Tamisan’s hands went out without her conscious ordering. She stifled her amazement—this was as if she were repeating an act as well learned as her dreamer’s technique had been. With her left hand she gathered up a palm full of the sand from the cream bowl. It was a shade or two darker than the container. She tossed this with a sharp movement of her wrist, and it settled smoothly as a film on the tabletop.
What she was doing was not of her concious mind, as if another had taken charge of her actions. And judging by the way the woman in the chair leaned forward, the hush that had fallen on her companions, this was right and proper.
Without any order from her mind, Tamisan’s right hand went now to the blue bowl with its dark blue sand. But this was not tossed. Instead, she held the fine grains in her fist and that upright, passing it slowly over the table top so that a very tiny trickle of grit fed down to make a pattern on the first film.
And it was a pattern, not a random scattering. What she had so drawn was a recognizable sword with a basket-shaped hilt and a slightly curved blade tapering to a narrow point.
Now her hand moved to the pink bowl. The sand she gathered up there was a dark red, more vivid than the other colors, as if she dealt now with flecks of newly shed blood. Once more she used her upheld fist, and the shifting stream, fed from her palm, became a space ship! It was slightly different in outline from those she had seen all her life, but it was unmistakably a ship. And it was drawn on the table top as if it threatened to descend upon the pointed sword. Or was it that the sword threatened it?
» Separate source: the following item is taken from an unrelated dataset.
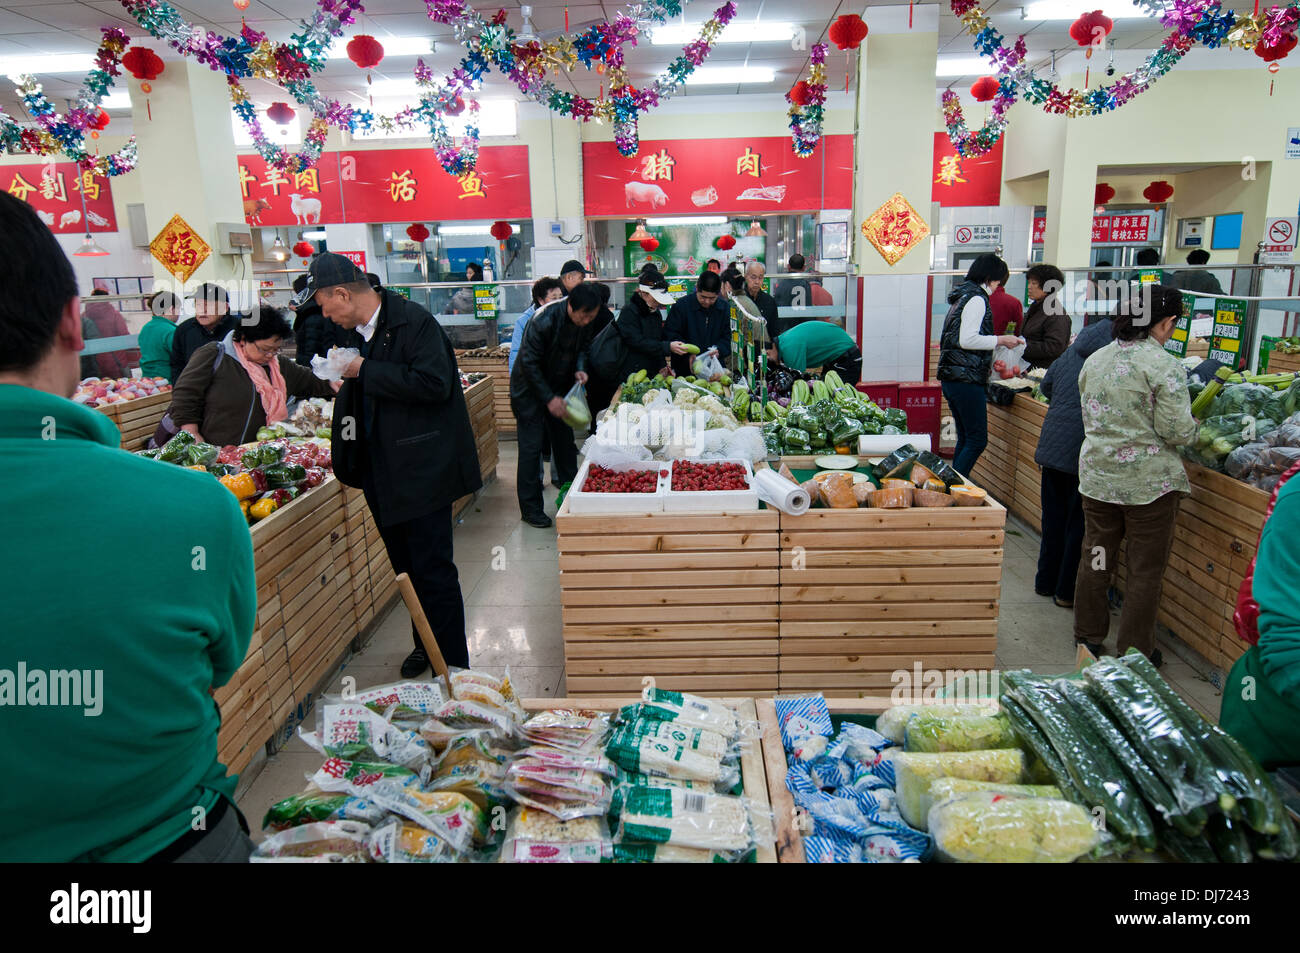 greengrocery Shop in Peking, China Stockfoto

She heard a gasp of surprise—or was it fear? But that sound had not come from the woman who had bade her foretell. It must have broken from some o
ther member of the company intent upon Tamisan’s painting with the flowing sand.
It was to the fourth bowl now that her right hand moved. But she did not take up a full fistful, rather a generous pinch between thumb and forefinger. She held the sand high above the picture and released it. The green specks floated down—to gather in a sign like a circle with one portion missing.
She stared at that, and it seemed to alter a little under the intentness of her watching. What it had changed to was a symbol she knew well, one which brought a small gasp from her. It was the seal, simplified it was true, but still readable, of the House of Starrex, and it overlaid both the edge of the ship and the tip of the sword.
“Read you this!” The noblewoman demanded sharply.
And from somewhere the words came readily to Tamisan. “The sword is the sword of Ty-Kry raised in defense.”
“Assured, assured.” The murmur ran along the divans.
“The ship comes as a danger—”
“That thing—a ship? But it is no ship—”
“It is a ship from the stars.”
“A woe—woe and woe—” That was no murmur now but a full-throated cry of fright. “As in the days of our fathers when we had to deal with the false ones. Ahta—let the spirit of Ahta be shield to our arms, a sword in our hands!”
The noblewoman made a silencing gesture with one hand. “Enough! Crying to the reverend spirits may bring comfort, but they are not noted for helping those not standing to arms on their own behalf. There have been other sky ships since Ahta’s days, and with them we have dealt—to our purpose. If another comes, we are forewarned, which is also forearmed. But what lies there in green, O Mouth of Olava, which surprised even you?”
Tamisan had had precious moments in which to think. If it were true as she had deduced, that she was tied to this world by those she had brought with her, then she must find them. And it was clear that they were not of this company. Therefore this last must be made to work for her.